Scoreboard

Vikings try to move on

For the Minnesota Vikings, training camp goes on. With heavy hearts, the Vikings planned to return to the practice field Thursday - trying to focus on football when their thoughts were surely with their fallen friend, Korey Stringer.

"We know we have to play football. But that's not on our mind right now," Vikings coach Dennis Green said Wednesday. Stringer, a 335-pound Pro Bowl right tackle who started every game for Minnesota the last two seasons, collapsed following an intense practice in stifling heat Tuesday morning and died 15 hours later.

Stringer's death has raised questions about whether he should have been practicing at all. "There was nothing that I saw that would indicate any particular pressure or stress on anyone," owner Red McCombs said. NFL commissioner Paul Tagliabue ordered all 31 teams to review their rules on training.

Rocketing to Toronto

The Houston Rockets are having a hard time realizing that the Hakeem Olajuwon era is over.

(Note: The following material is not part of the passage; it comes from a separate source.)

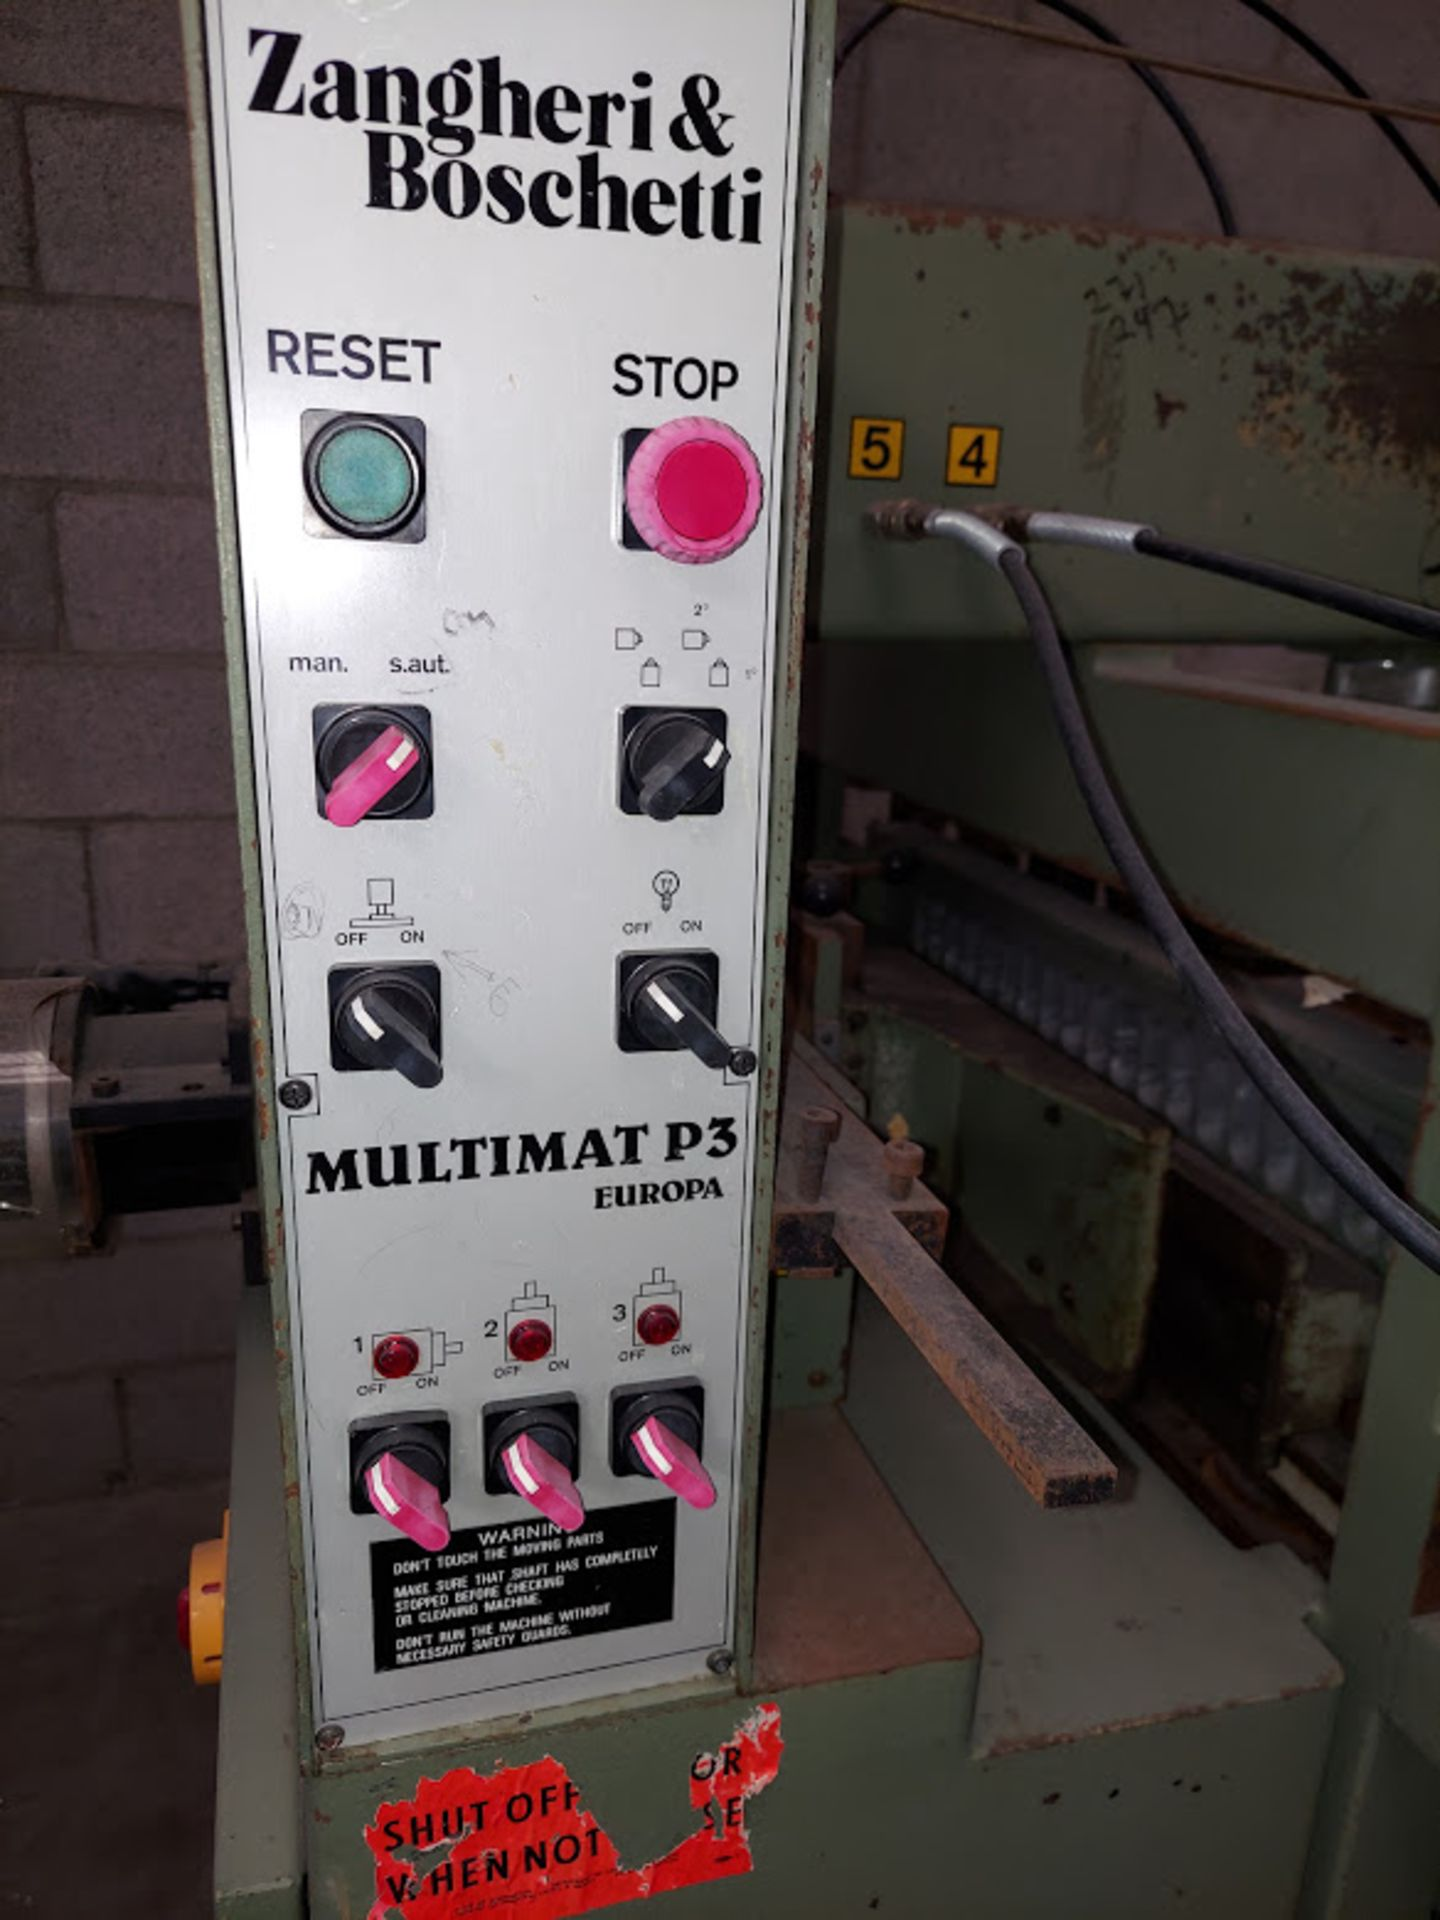 Zangheri & Boschetti Mulit Mat P3 Line Boring Machine, Model #MP3, 1 - 21 Spindle Horizontal Drill - Image 4 of 7

After spending his entire college and pro career in the city limits, and leading the Rockets to back-to-back NBA championships in 1994-95, Olajuwon told the Rockets Wednesday that he no longer wants to play for them. The Rockets agreed to sign and trade him to the Toronto Raptors for two draft choices. The deal will give Toronto its first big-time center.

A 'Tiger shot'

Jake Paine swung his Snoopy driver and watched his golf ball drop into the sixth hole at Lake Forest (Calif.) Golf Course Monday. It may be a record. The Guinness Sports Record Book, published in 1997, said the youngest person to get a hole-in-one was 5. Jake, of Rancho Santa Margarita, Calif., called it a "Tiger shot," referring to his hero, Tiger Woods, whose first hole-in-one came at the ripe old age of 6.

Jake, who got a special permit to play golf a year ago, ended up shooting a 48 on the nine-hole, par-29 course.

Quote:

'Daddy, I got a hole-in-one!'

- Three-year-old Jake Paine to his father, BIll, after his ball dropped into the sixth hole at a golf course in Lake Forest, Calif. Jake may be the youngest player ever to make a hole-in-one.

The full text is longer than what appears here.